12 KiB
👥 For Instructors & TAs
Complete guide for teaching ML Systems Engineering with TinyTorch
📋 Quick Course Assessment
Duration: 14-16 weeks (flexible pacing)
Prerequisites: Python + basic linear algebra
Student Outcome: Complete ML framework supporting vision AND language models
Grading: 70% auto-graded (NBGrader), 30% manual (systems thinking)
For Instructors: Course Setup
30-Minute Initial Setup
Step 1: Environment Setup (10 minutes)
# Clone repository
git clone https://github.com/mlsysbook/TinyTorch.git
cd TinyTorch
# Create virtual environment
python -m venv .venv
source .venv/bin/activate # or `.venv\Scripts\activate` on Windows
# Install dependencies
pip install -r requirements.txt
pip install nbgrader
# Verify installation
tito system health
Step 2: Initialize Grading (10 minutes)
# Setup NBGrader integration
tito grade setup
# Verify grading commands
tito grade --help
Step 3: Prepare First Assignment (10 minutes)
# Generate instructor version (with solutions)

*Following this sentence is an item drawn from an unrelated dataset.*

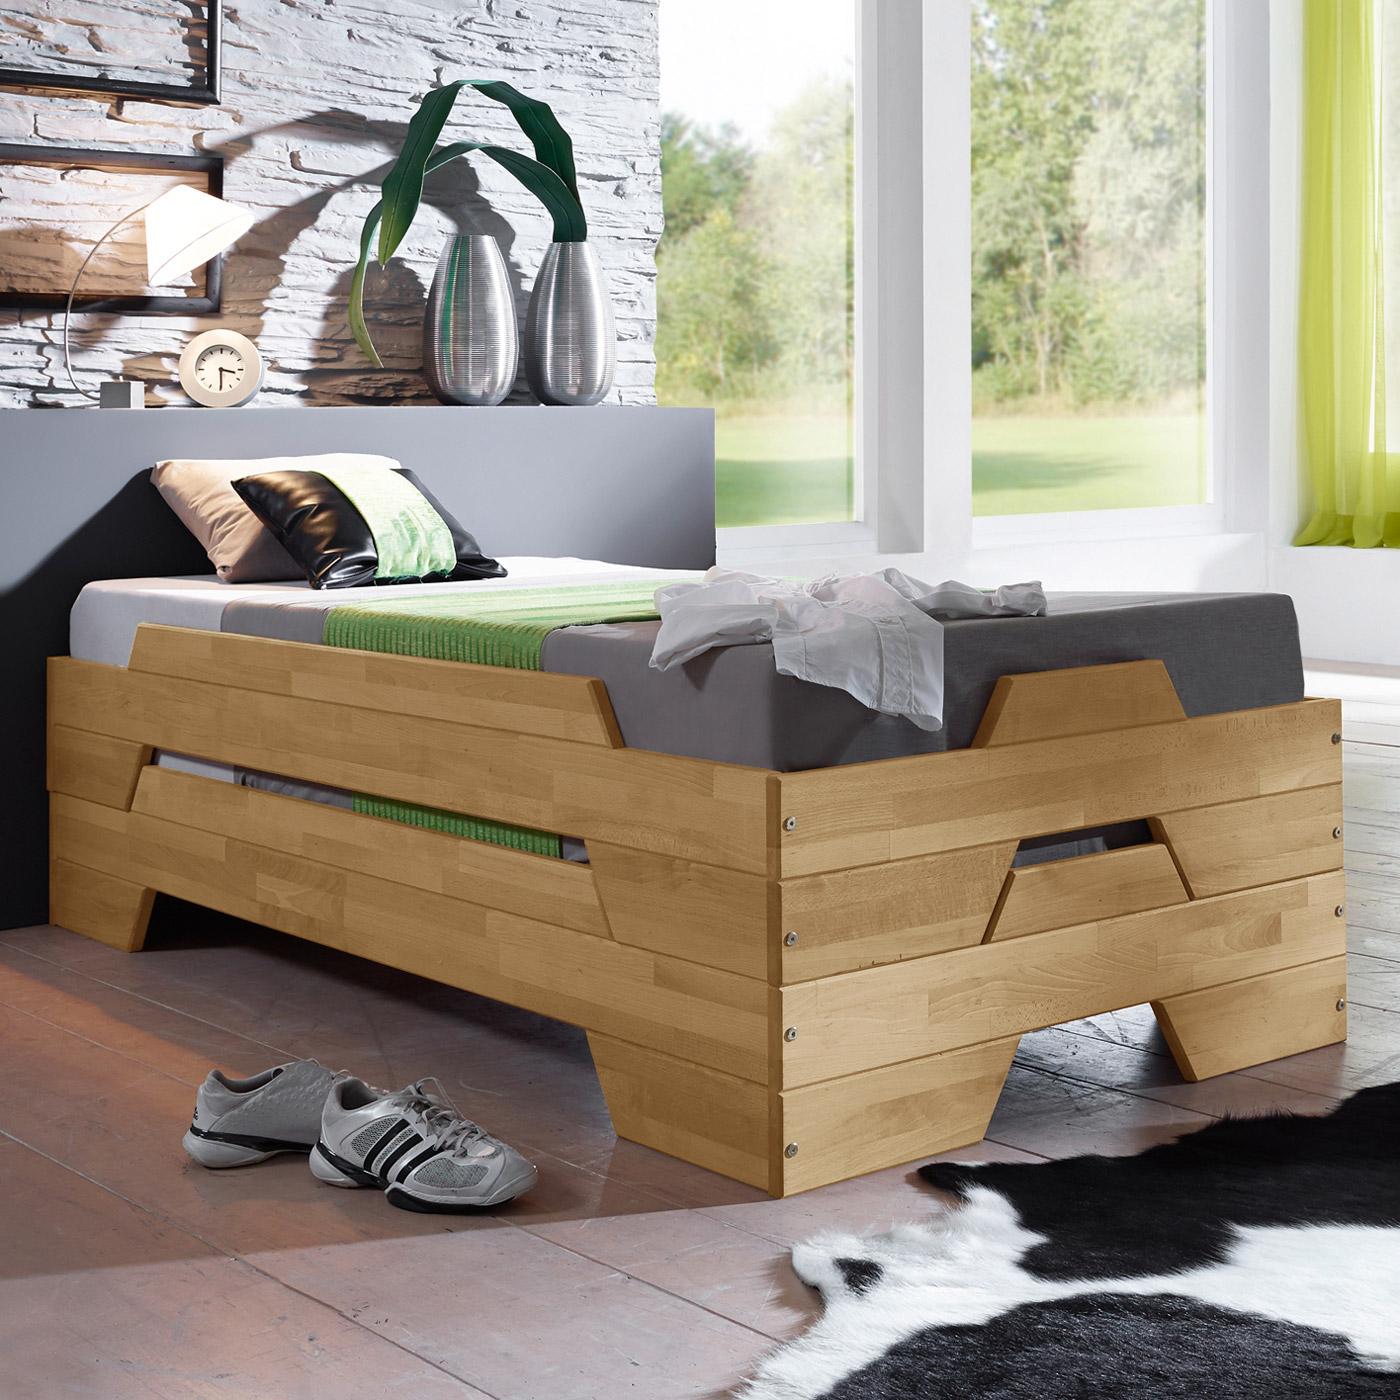 Bett Platzsparend raumsparbetten in top qualität und dennoch preiswert betten de

tito grade generate 01_tensor
# Create student version (solutions removed)
tito grade release 01_tensor
# Student assignments ready in: release/01_tensor/
Assignment Workflow
TinyTorch wraps NBGrader behind simple tito grade commands:
1. Prepare Assignments
# Generate instructor version with solutions
tito grade generate MODULE_NAME
# Create student version (auto-removes solutions)
tito grade release MODULE_NAME
2. Distribute to Students
-
Option A: GitHub Classroom (recommended)
- Create assignment repository from TinyTorch template
- Students clone and work in their repos
- Automatic submission via GitHub
-
Option B: Direct Distribution
- Share
release/directory contents - Students download and submit via LMS
- Share
3. Collect Submissions
# Collect all students
tito grade collect MODULE_NAME
# Or specific student
tito grade collect MODULE_NAME --student student_id
4. Auto-Grade
# Grade all submissions
tito grade autograde MODULE_NAME
# Grade specific student
tito grade autograde MODULE_NAME --student student_id
5. Manual Review
# Open browser-based grading interface
tito grade manual MODULE_NAME
6. Generate Feedback
# Create feedback files for students
tito grade feedback MODULE_NAME
7. Export Grades
# Export all grades to CSV
tito grade export
# Or specific module
tito grade export --module MODULE_NAME --output grades.csv
Grading Components
Auto-Graded (70%)
- Code implementation correctness
- Test passing
- Function signatures
- Output validation
- Edge case handling
Manually Graded (30%)
- ML Systems Thinking questions (3 per module)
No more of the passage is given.